Don’t talk about politics- There is nothing wrong with sharing your political views with your friends because sometimes we may have similar opinions, but your difference of opinion should not turn into a screaming match that upsets or offends your friend and if it does that should be your cue to change the subject. If you can’t have  civil conversation about politics with your friends, then don’t talk about it because there are a lot of things you can talk about with your friends that have nothing to do with politics. I don’t often talk about my political views with my friends because we don’t have a lot of the same opinions and sometimes it can cause avoidable arguments, and I don’t think losing friends over politics is worth it. If you can’t be nice to your friends when talking about your political views, then talk about literally anything else because you can disagree with someone without making them cry.

Learn to walk away- When you are very passionate about something sometimes people feel like they have to convince everyone they know that their opinion is the right and are unable to let it go until you are both on the same page. There are going to be times when you have a strong opinion on something and there is nothing you can say to your friend that will convince them that your opinion is the right one and sometimes you just have to learn to walk away before things get heated. You don’t always need to have the last word, and it is okay to walk away from a conversation and still have a different opinion than your friend. People sometimes think that they need to convince people that their opinion is the right one, but you don’t have to always be right, and sometimes the best choice is to agree to disagree and walk away. If you can’t agree with your friend sometimes walking away is the best decision because it doesn’t matter what your opinion is, it’s not worth upsetting someone and losing a good friend.

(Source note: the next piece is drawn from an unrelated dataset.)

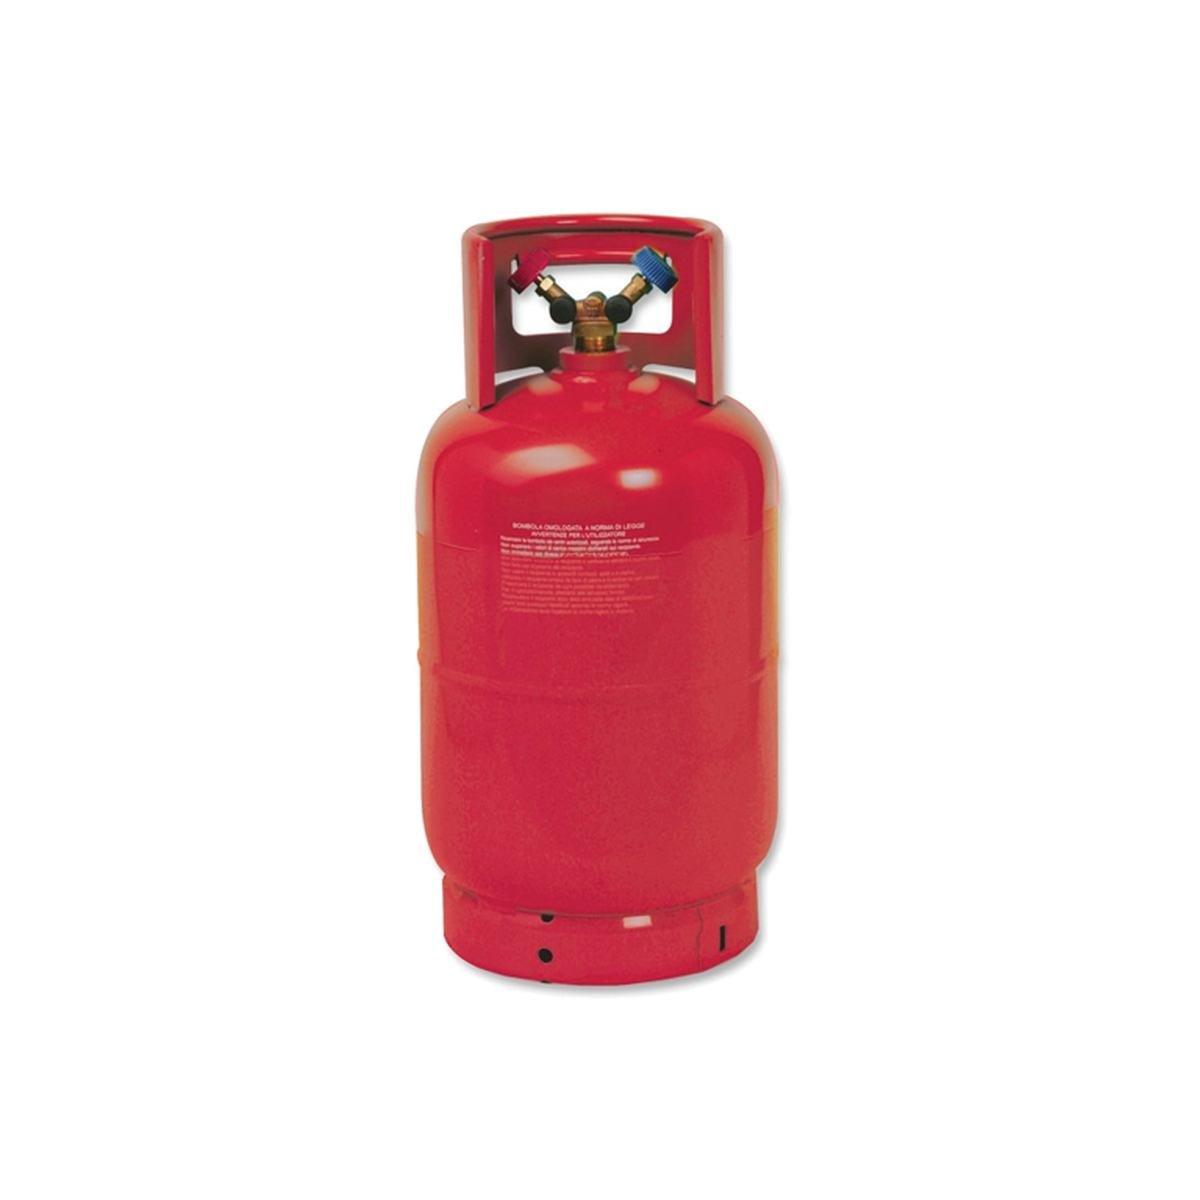 Flaska till R32 köldmedium tom 12,5 liter
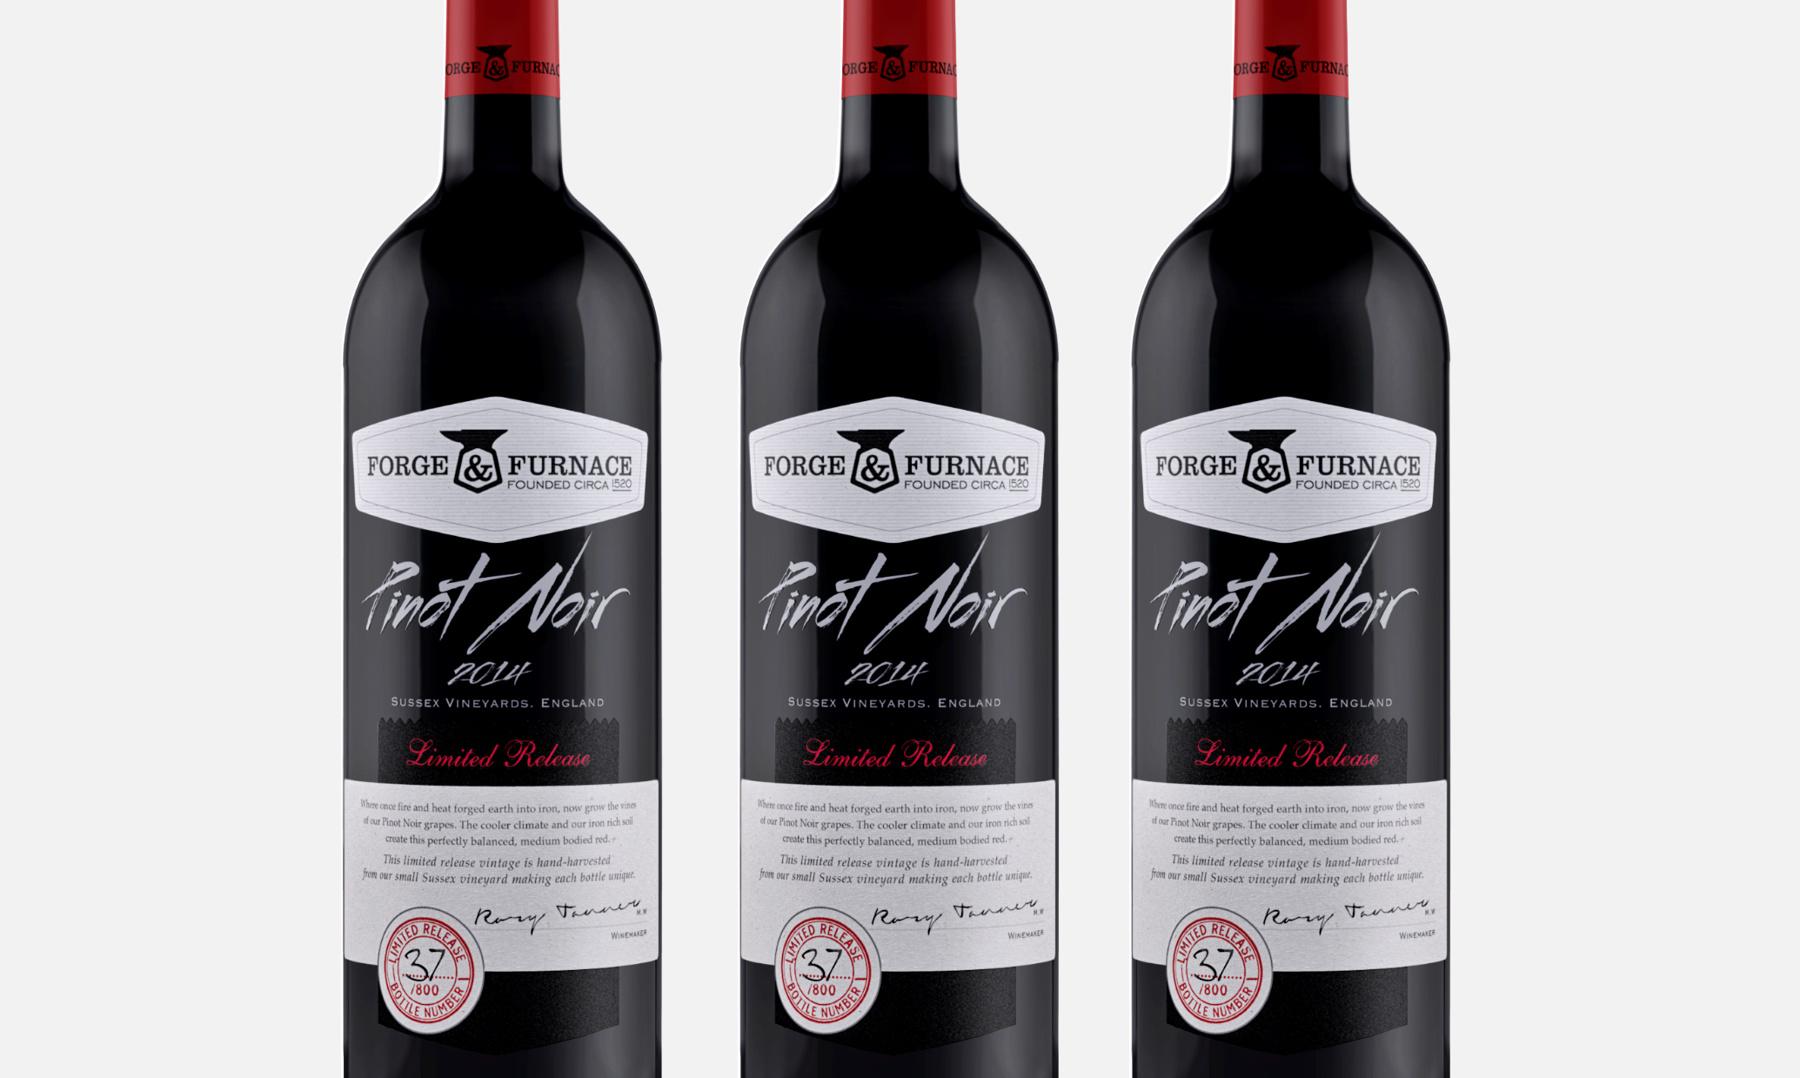 Wine Label Design, Bottles

Listen and try and understand their point of view– You don’t have to agree with every opinion your friends have but you can still respect someone and not totally agree with their point of view. When I disagree with my friends, I still listen to them because you are not being a very supportive friend when you cut people off and don’t listen and friendships tend to go south when you don’t let people get a word in. You can be respectful of your friends while disagreeing with them and you don’t have to be dismissive and mean about it because that is what causes friendships to end. I always try to listen to my friends even if we don’t have the same opinions because I will still love my friends even if we vote for different people. Respect and trust are so important for a relationship to work, and you will not have that if you always cutting people off. Listen and try to understand your friend’s points of view because it’s a lot easier to get through to people when you can understand their point of view. There will be times you don’t understand your friend’s point of view and that is okay but if you want to be a supportive friend you should still hear them out!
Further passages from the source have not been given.